Woody Allen expresses this feeling well when he says,

'Life is full of misery, loneliness and suffering and it's all over much too soon.'

The thing is, this fatalistic attitude to life may sell well, but it isn't necessarily true. Take, for example, the situation of the nation of Judea in the First Century AD. Here we have a nation that used to be powerful, rich and respected, but by the time of the Christmas story, everything has changed: at that time, the country was occupied by a brutal, vicious and uncaring foreign empire called Rome, which would do the most heinous and shocking crimes against humanity in the name of the misnamed 'pax Romana' - Roman peace; there is a corrupt, sadistic and perverted dictator installed on the Jewish throne infamously known as King Herod; there is also a religious elite that could not care less about the spiritual and emotional needs of the average person, and the only religious people who do have a sense of moral integrity - the Pharisees - are so severe at times that any chance of 'living' is utterly sapped away; there are prophecies that had been given in the ancient past about a saviour whom God would send, but every day this promise seemed ever less likely; some of the religious elites - in the form of the Sadducees, even said that God had no interest in human affairs (at least according to the historian Josephus). The world of 1st Century Judea was politically, morally, religiously and economically corrupt and - above all - hopeless. In the end, most people did little more than simply exist.

So far, this seems to be turning out to be an incredibly depressing thought. It seems to be about a world without hope in the past, and now hopeless in the present. And yet we now look upon that ancient time as a moment of supreme joy; we celebrate it with songs, poems, gifts, bright lights and wrapping paper, decorated trees, Handel's Messiah and the best films on television. That period in the past where hope seemed dead is now - bizarrely - seen by children as the most wonderful day of the year; for adults it is a time where - hopefully - we can relax after the year's strains, with a cup of hot mulled wine or even just a cup of tea. Christmas time is a festival about joy; but how could such a festival - celebrated across the whole of the world - come out of such a joyless, hopeless situation in 1st Century Judea?

We all know the reason: it's about the birth of a child in a small town of Bethlehem. Yet even that story in itself could be seen as hopeless:

Here we have a pregnant teenager called Mary;

Here we have a child whose father was not Mary's fiance;

Here we have an unnecessary and dangerous trek across the unforgiving landscape of the Middle East;

Here we have a situation where a child cannot even be born inside a house, but instead inside a filthy cave meant for the animals, not people;

Here we have a government so oppresive and sadistic that it would be willing to kill baby children out of paranoid fear.

But we don't celebrate Christmas for that - after all, does that deserve being celebrated? Instead, we celebrate the birth of a special child, and unnusual child, a remarkable child. Through some mystery inconcievable through human intellect, the ultimate reality, the ground of all existence - the being, which as St. Paul writes, 'we live and move and have our being' - was 'made flesh' in the birth of Jesus Christ. And for two thousand years, we've been celebrating His birthday. Now that's some remarkable child!
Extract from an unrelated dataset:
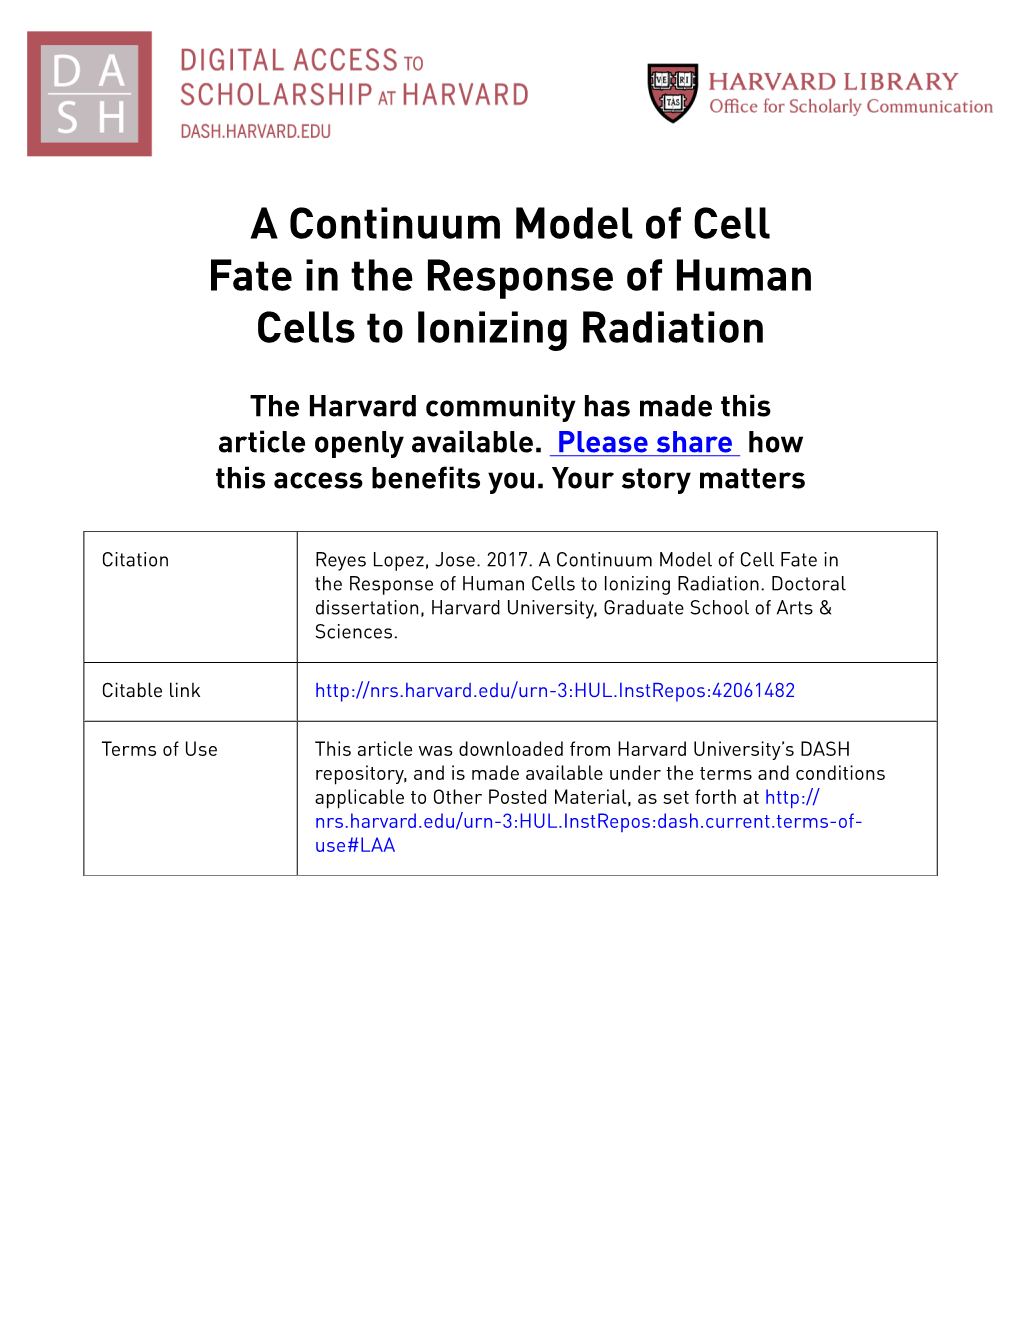 A Continuum Model of Cell Fate in the Response of Human Cells to Ionizing Radiation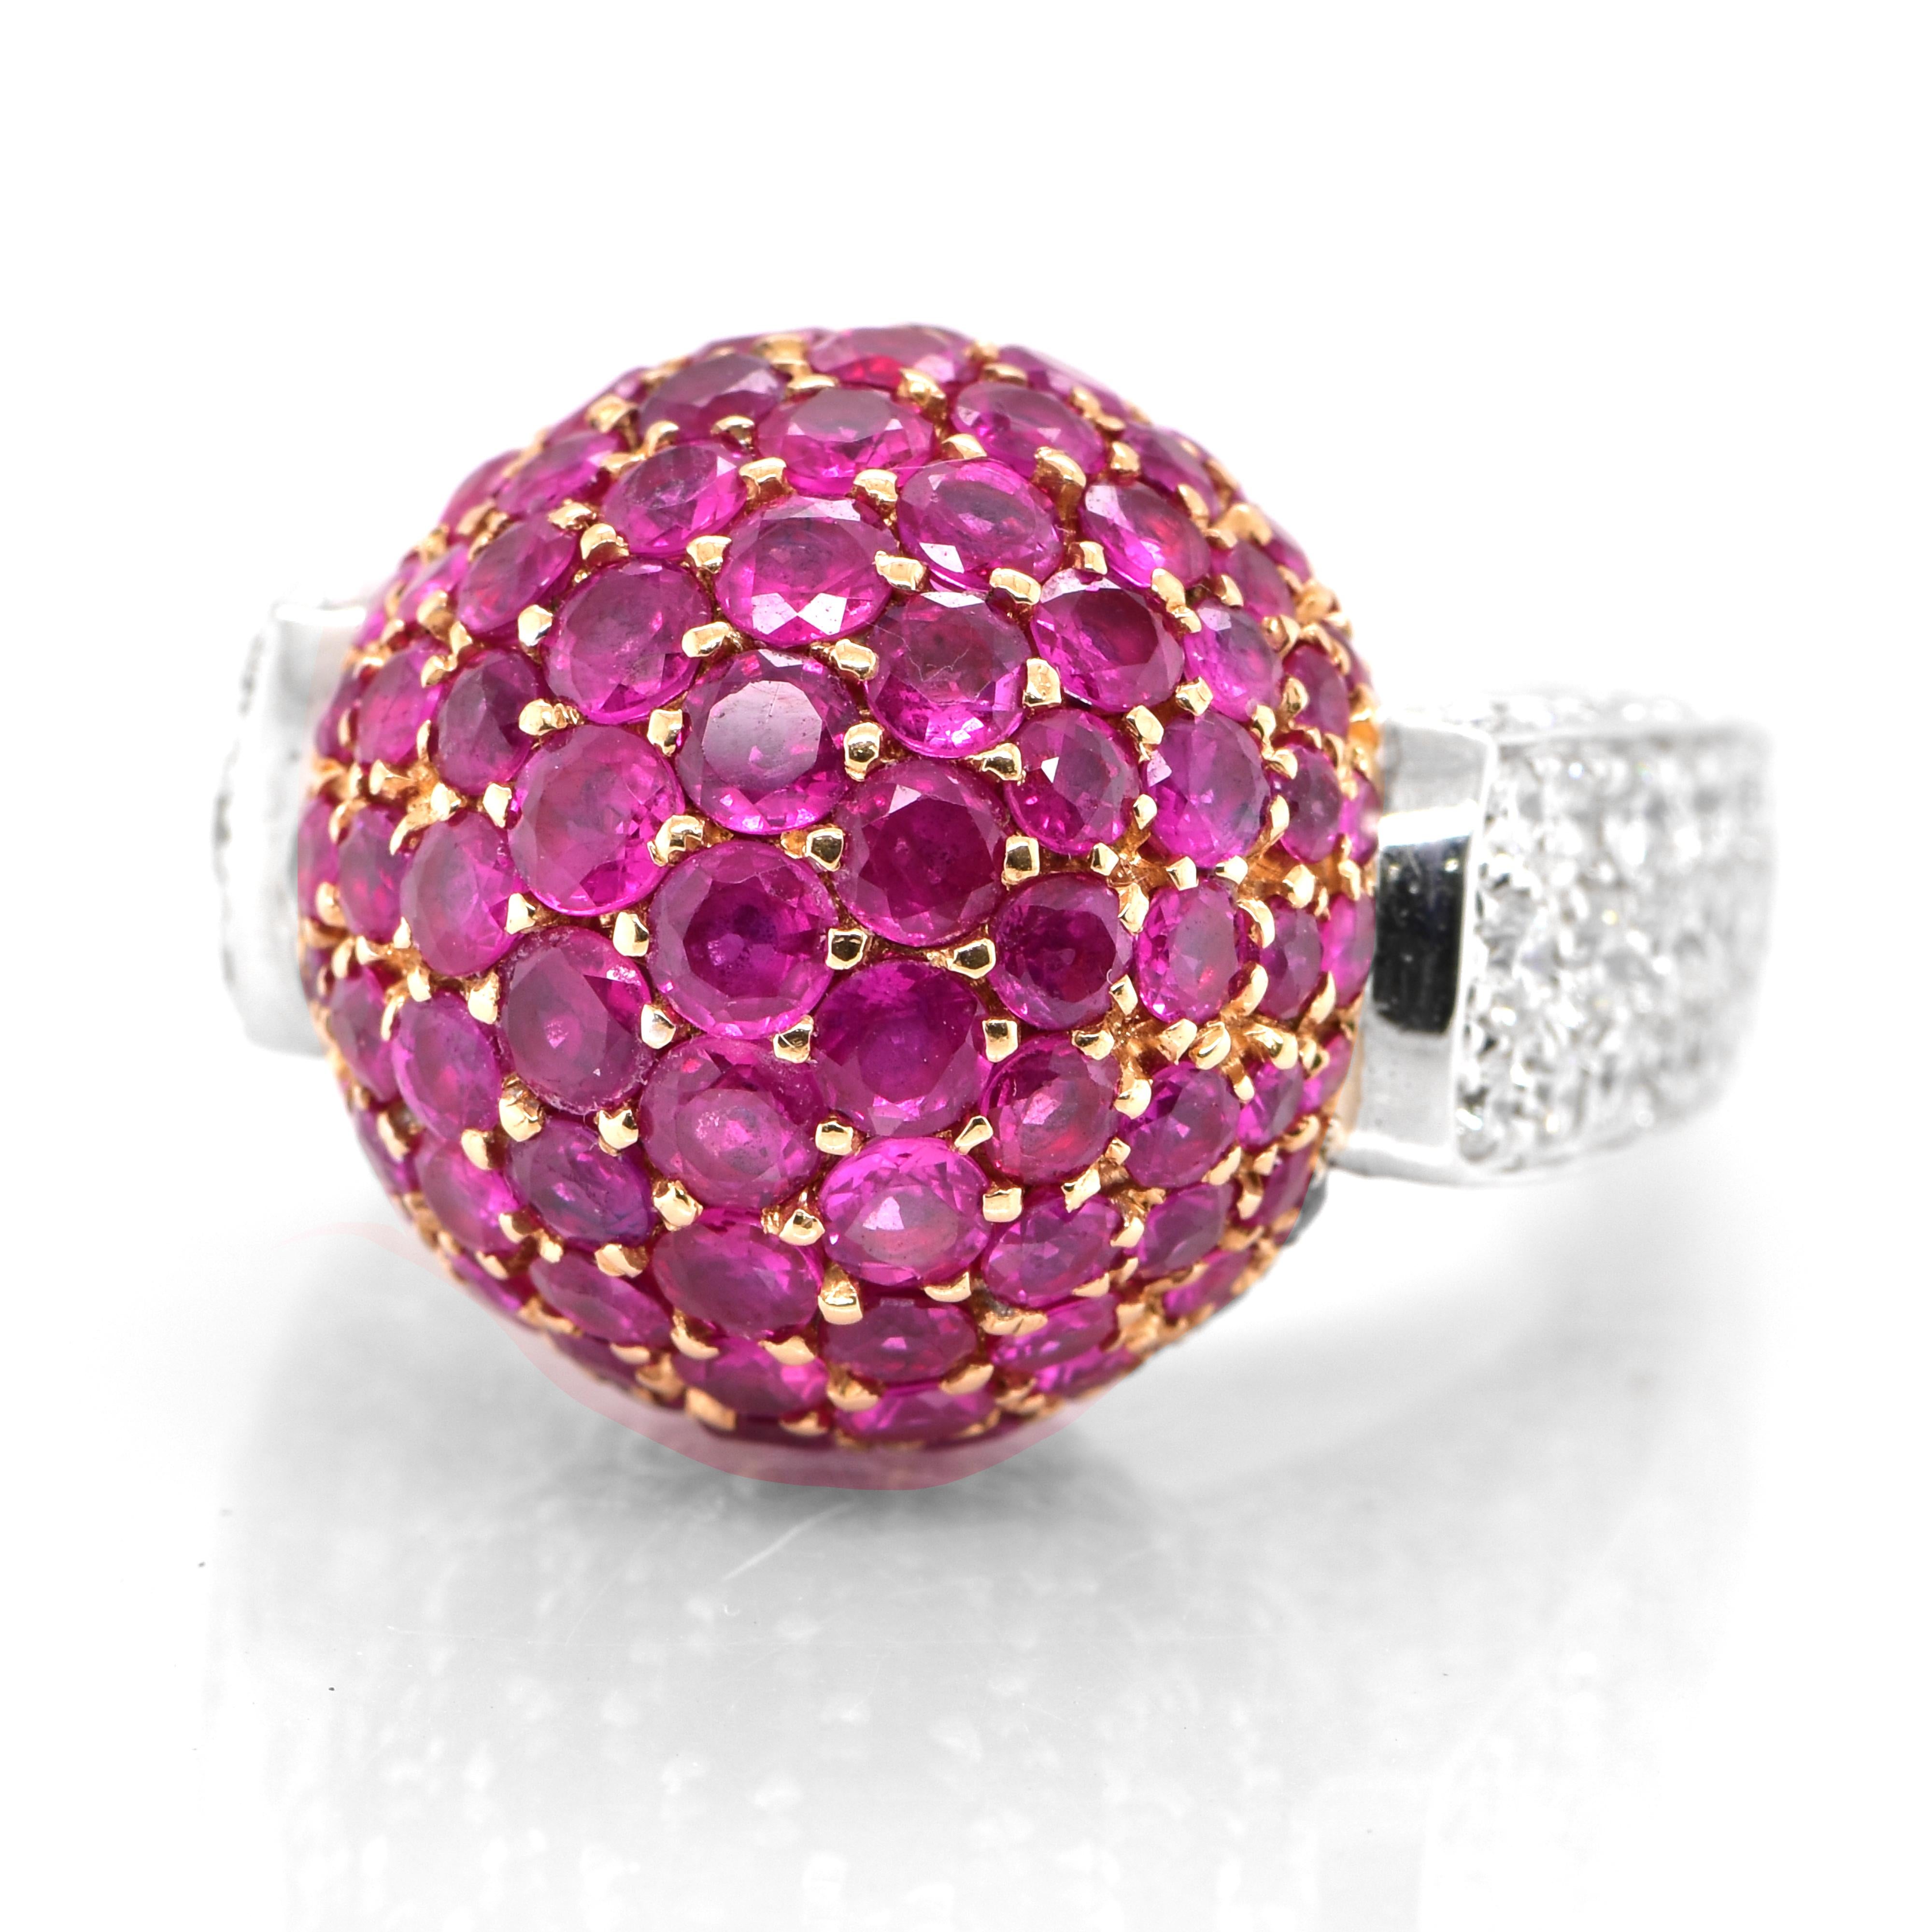 A beautiful Ring set in 18 Karat Gold featuring 5.86 Carat Natural Rubies and 3.32 Carat Diamonds. Rubies are referred to as

That child was light in a world of darkness.
That child was love in a loveless age.
That child was true joy in a world fundamentally joyless.
That child brought healing where sickness thrived.
That child brought meaning where life seemed meaningless.
That child brought peace where violence reigned.
That child gave value to unvalued people.
That child gave compassion to those who society hated.
That child gave friendship to those who were isolated.
That child is hope where hope seems to die.

December is the most depressing time of the year: it is the time where the days are shorter, the nights are longer, the hours are colder, and the minutes seem to be more loveless. It is a time of insecurity, fear and pressure. For many, Christmas is still the most depressing 24 hours on the calendar.

And yet, through Jesus Christ, we have hope. Real substantial hope. Though it is quiet - almost silence - it stirs. You can hear it in the soft whispers Mary and Joseph spoke in love towards their child. You can hear it in those wailing tears that the child Jesus first cried out into the world. You can hear it in the penniless adoration of the shepherds, and the generous giving of the wise men.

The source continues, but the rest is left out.